WHAT IS REQUIRED: Without the pictures, give the listing below again exactly.

EXERCISE DATA:
####
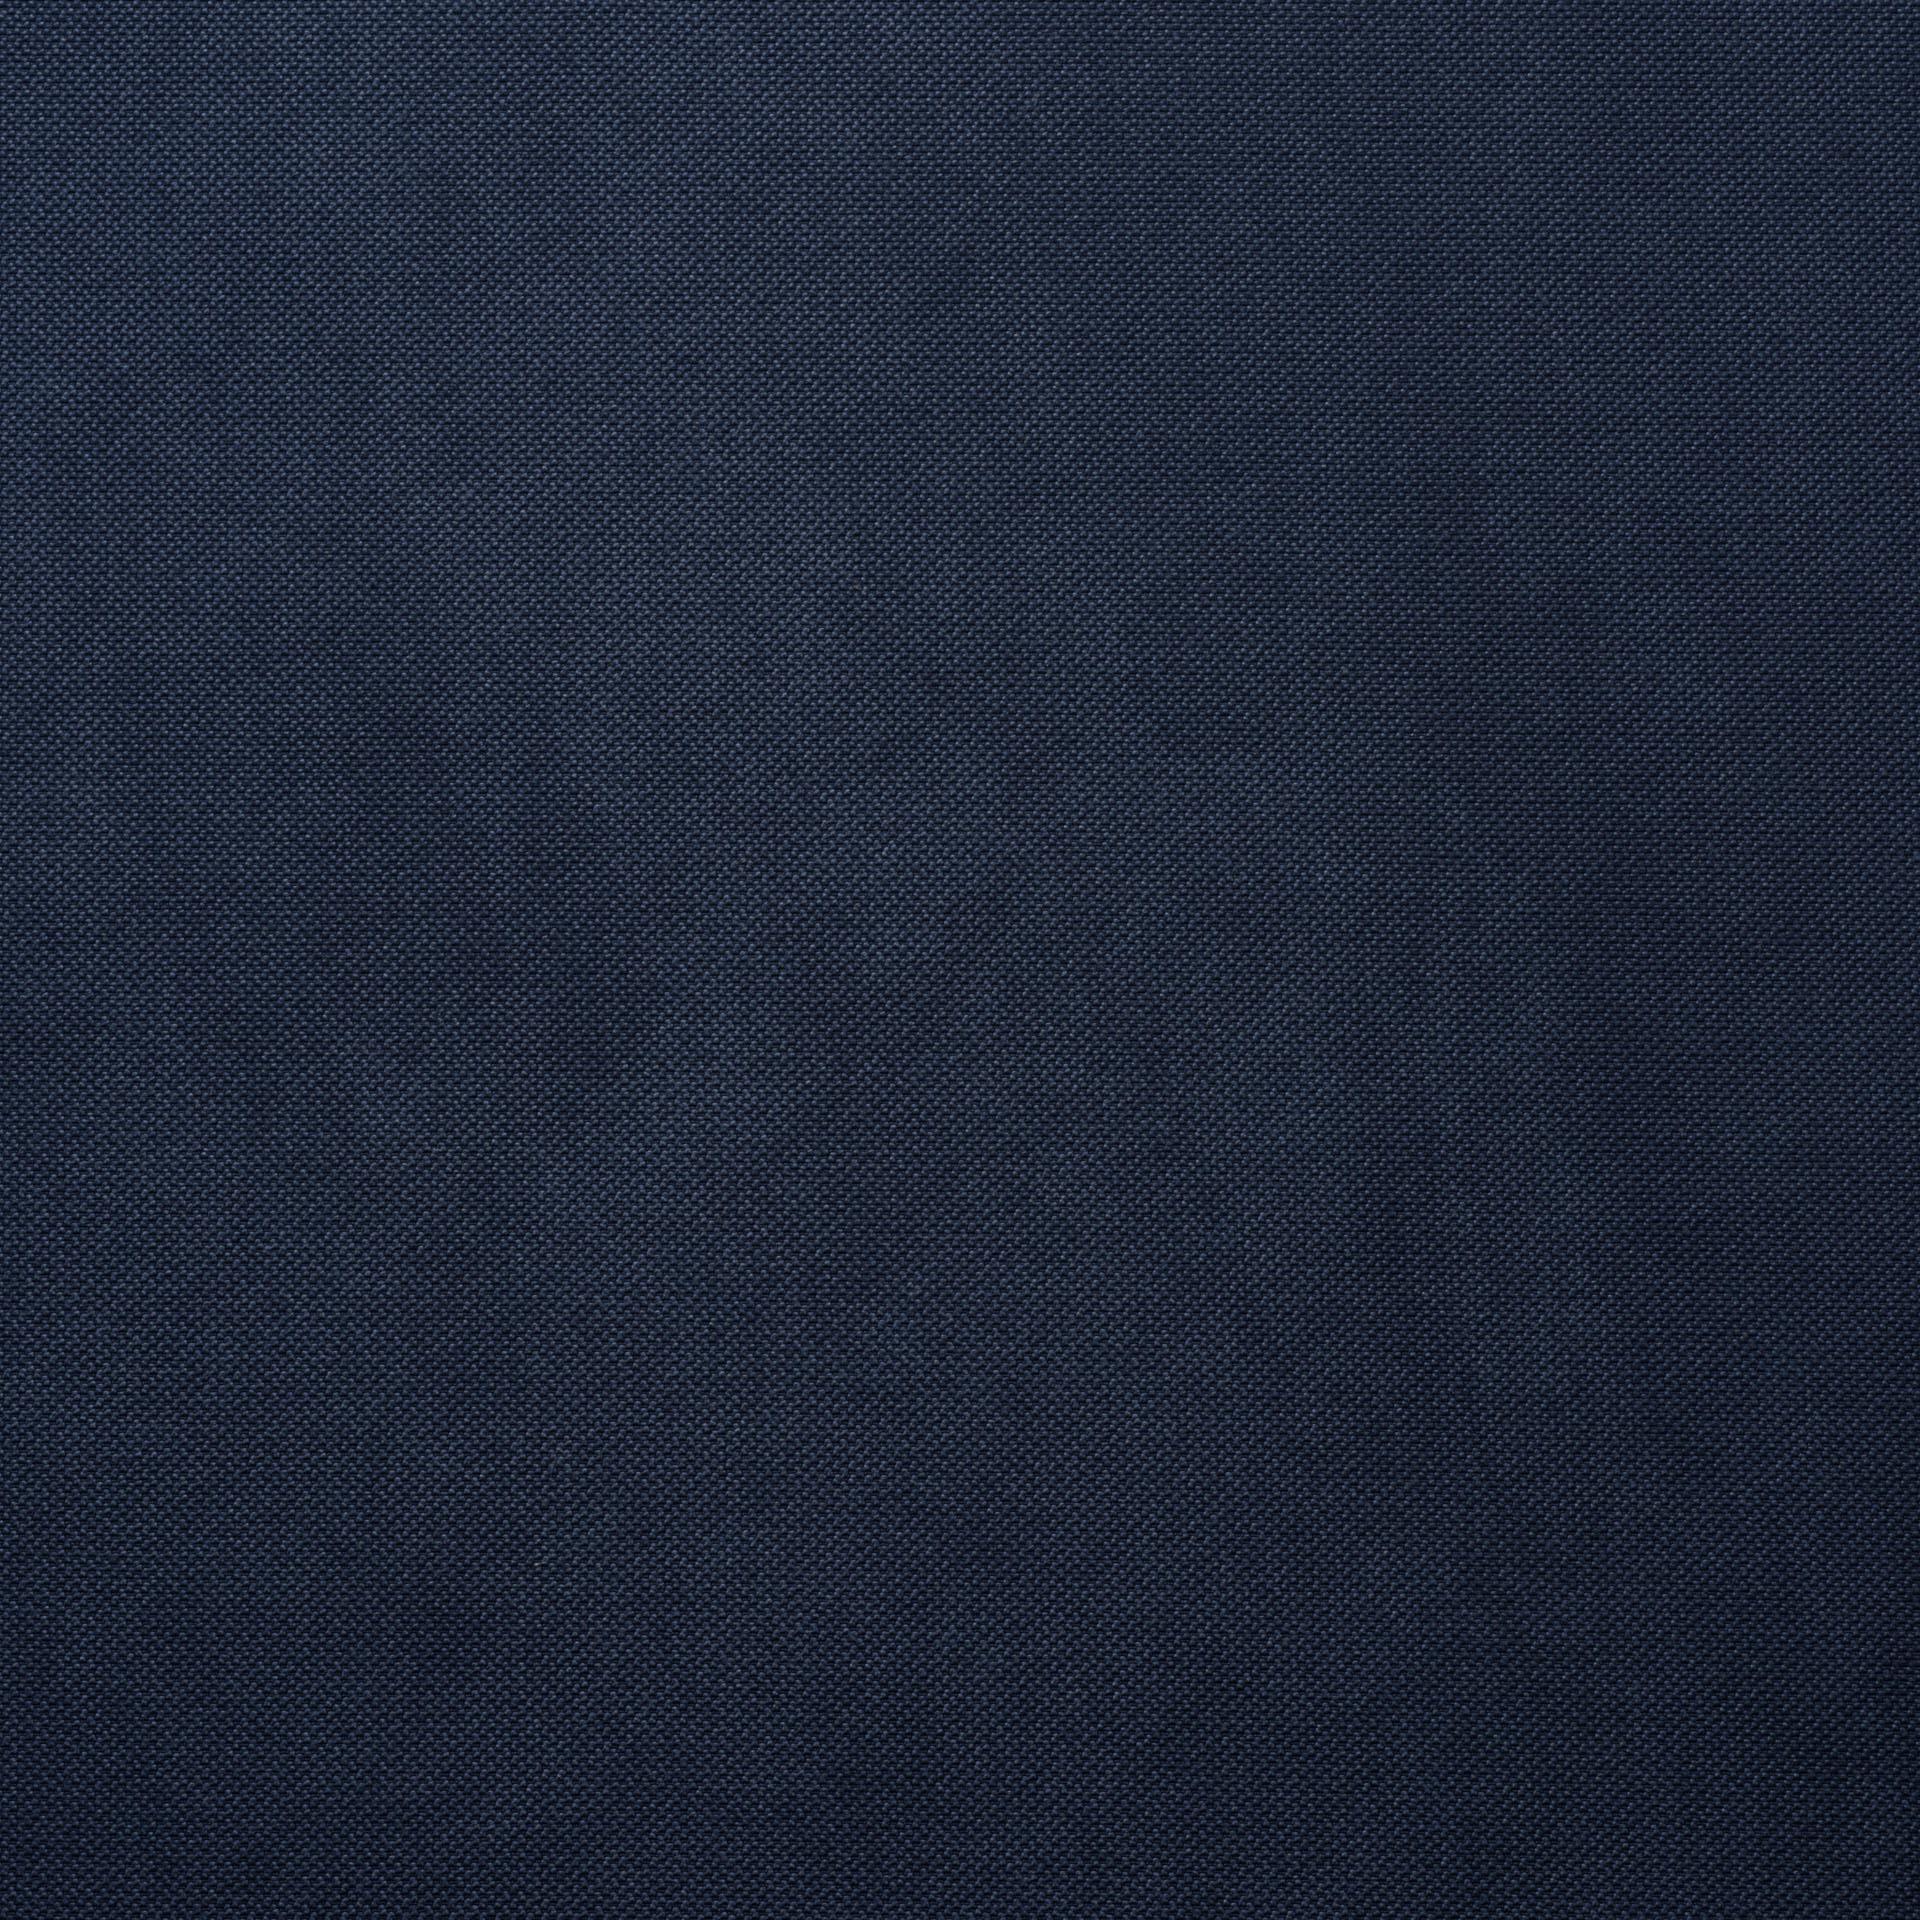 Коллекция ткани Стэнли 26 SAPPHIRE,  купить ткань Жаккард для мебели Украина
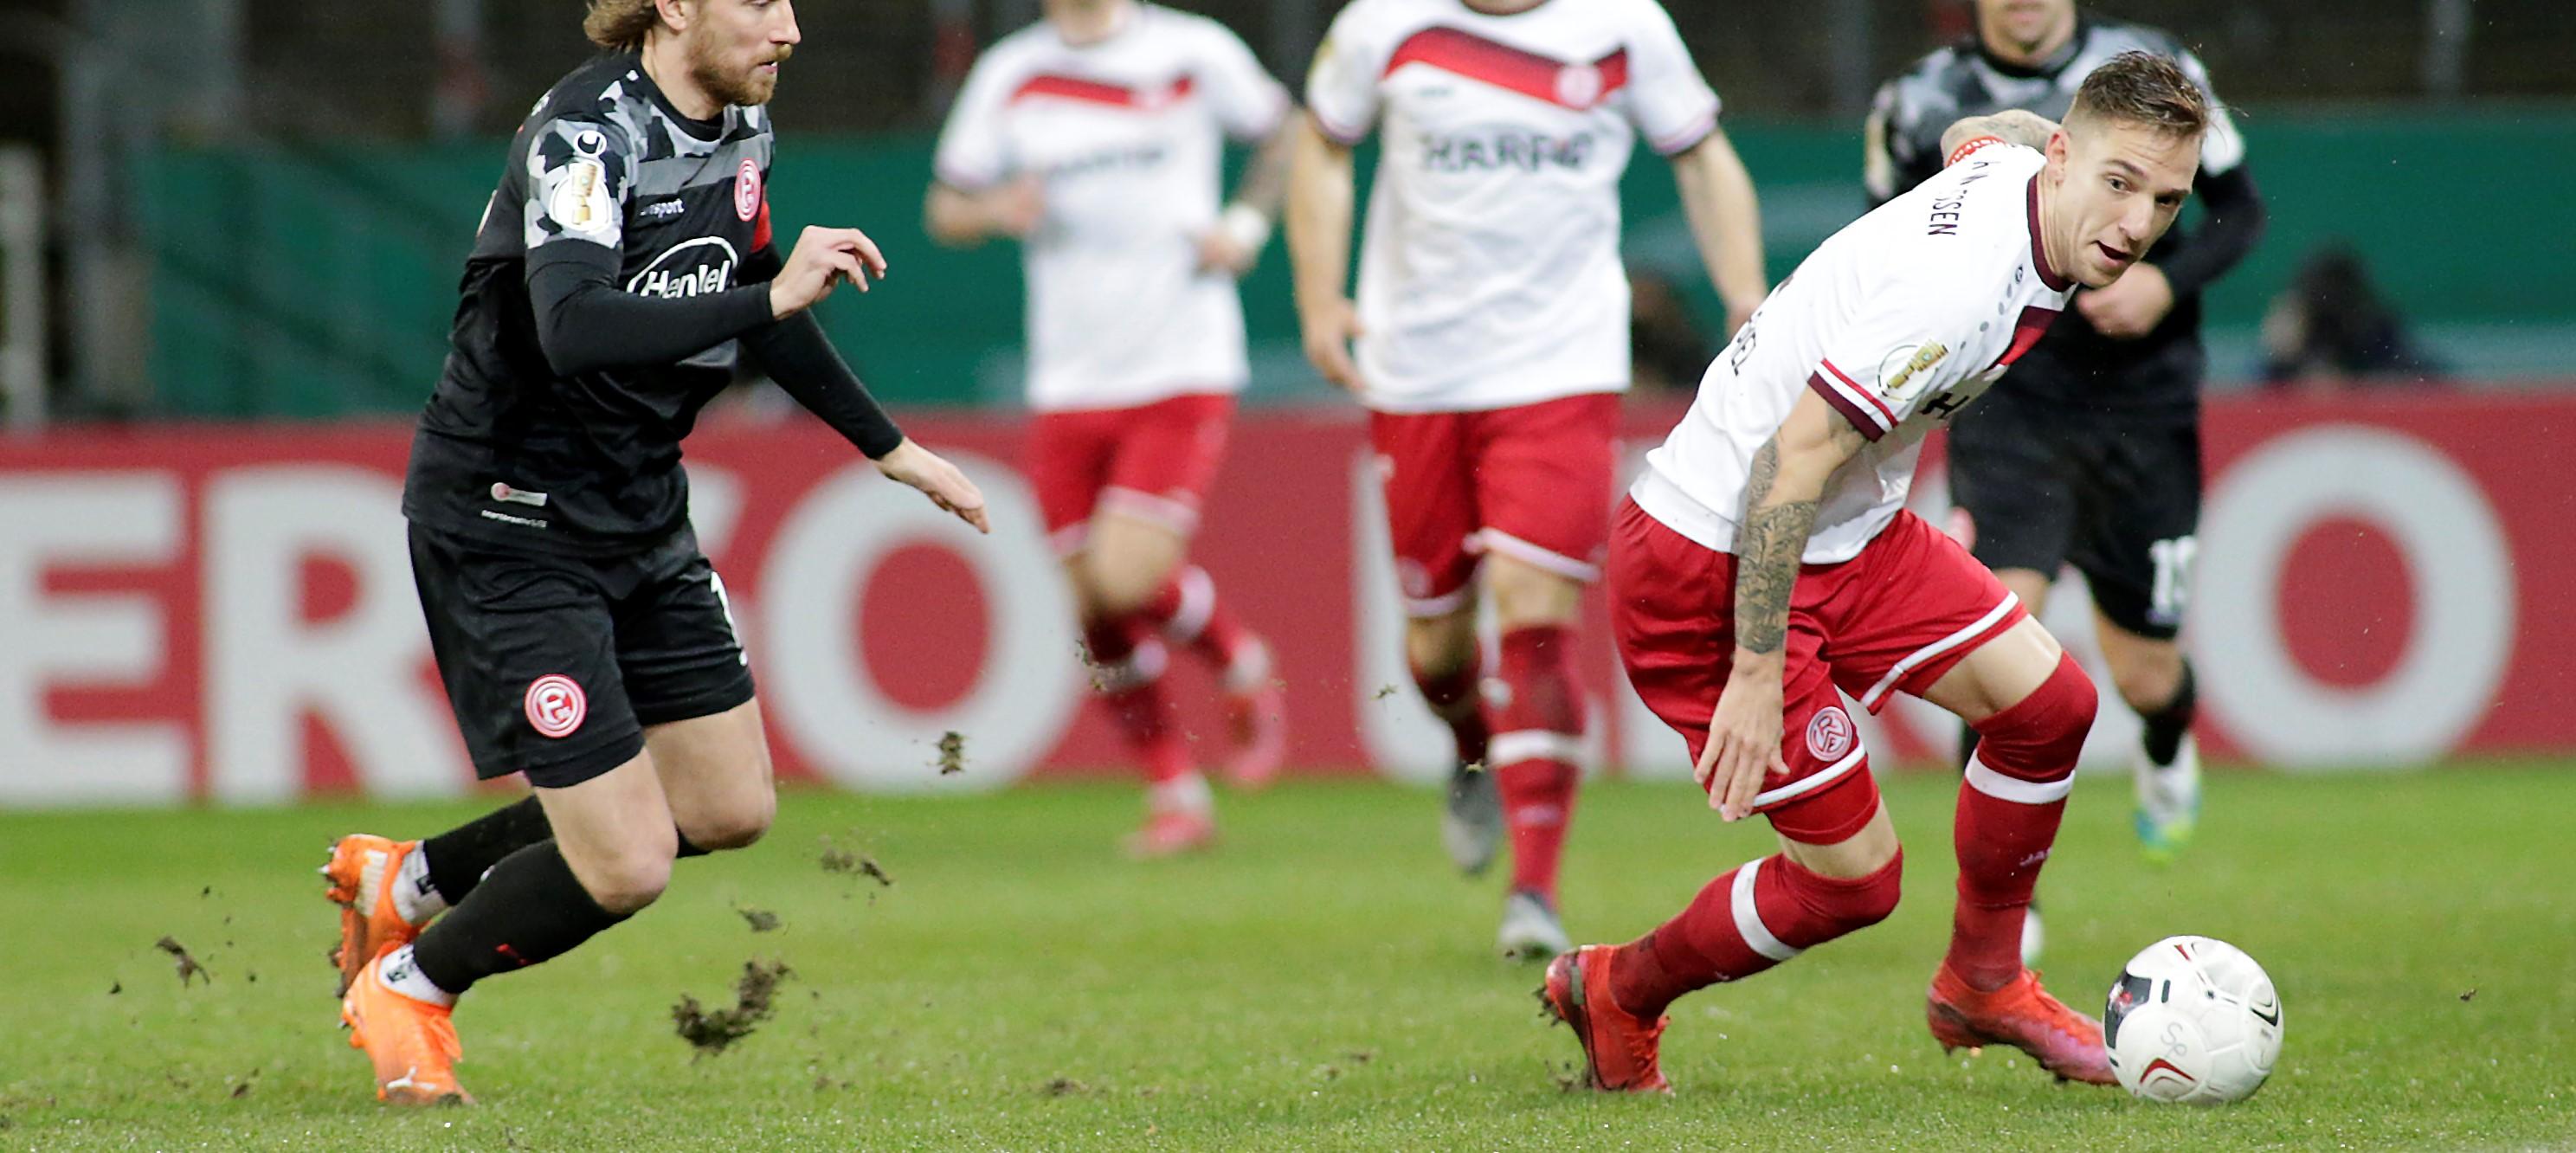 Kompakt zum Sieg: Umkämpfter Fußballabend zwischen RWE und Düsseldorf. (Foto: Endberg)
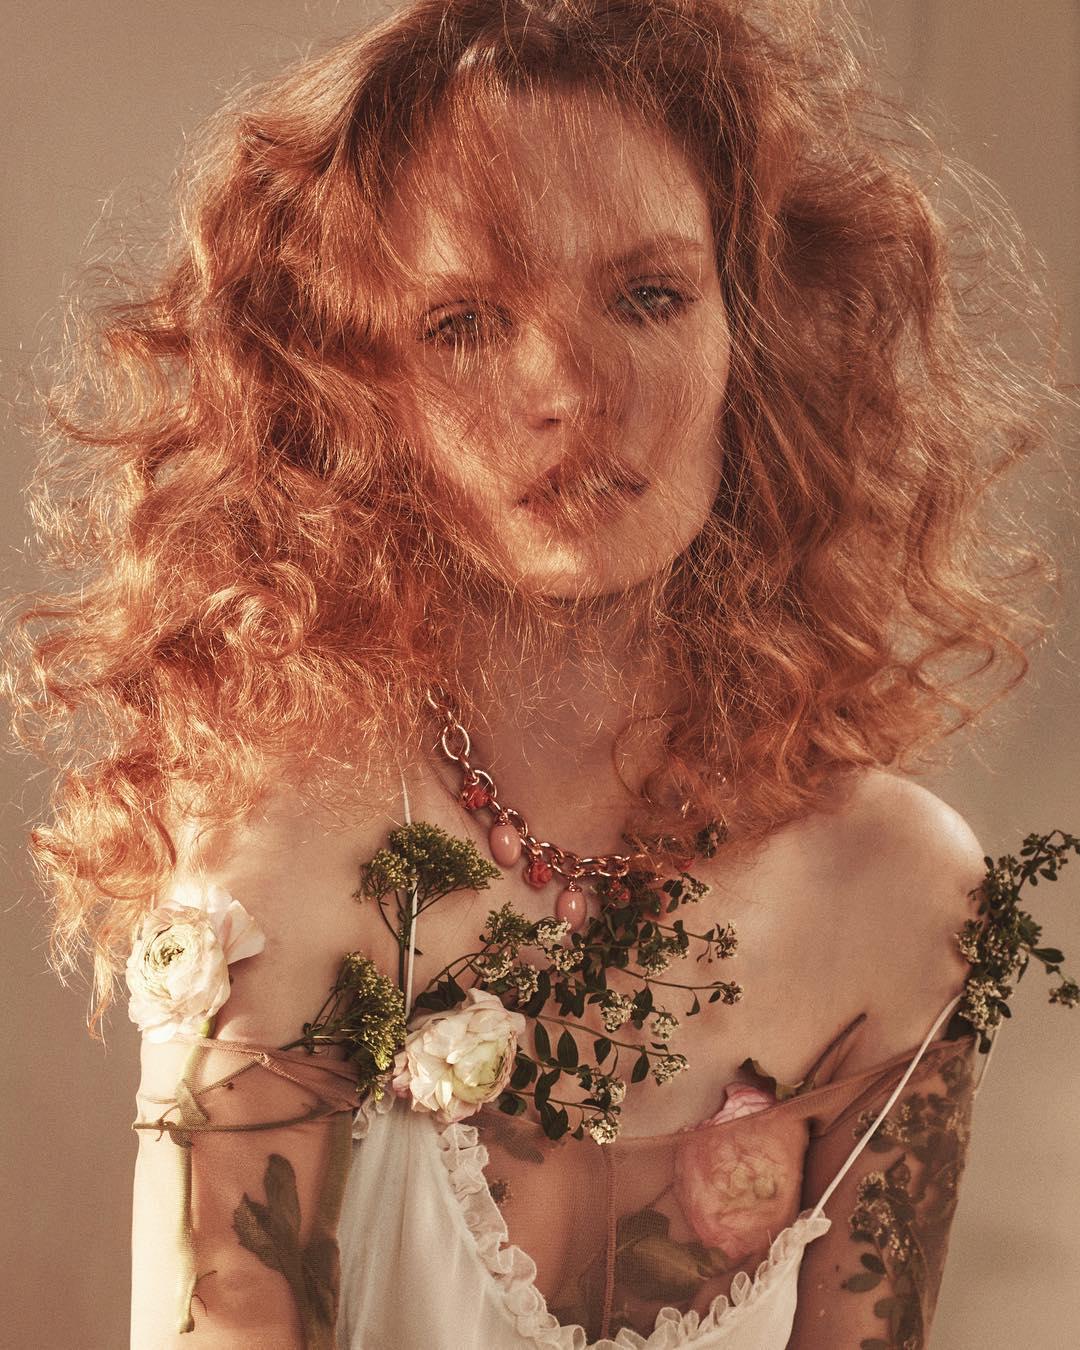 Luisa Bianchin by Nima Benati
####
WRITTEN ANSWER:
 Коллекция ткани Стэнли 26 SAPPHIRE,  купить ткань Жаккард для мебели Украина
 Kompakt zum Sieg: Umkämpfter Fußballabend zwischen RWE und Düsseldorf. (Foto: Endberg)
 Luisa Bianchin by Nima Benati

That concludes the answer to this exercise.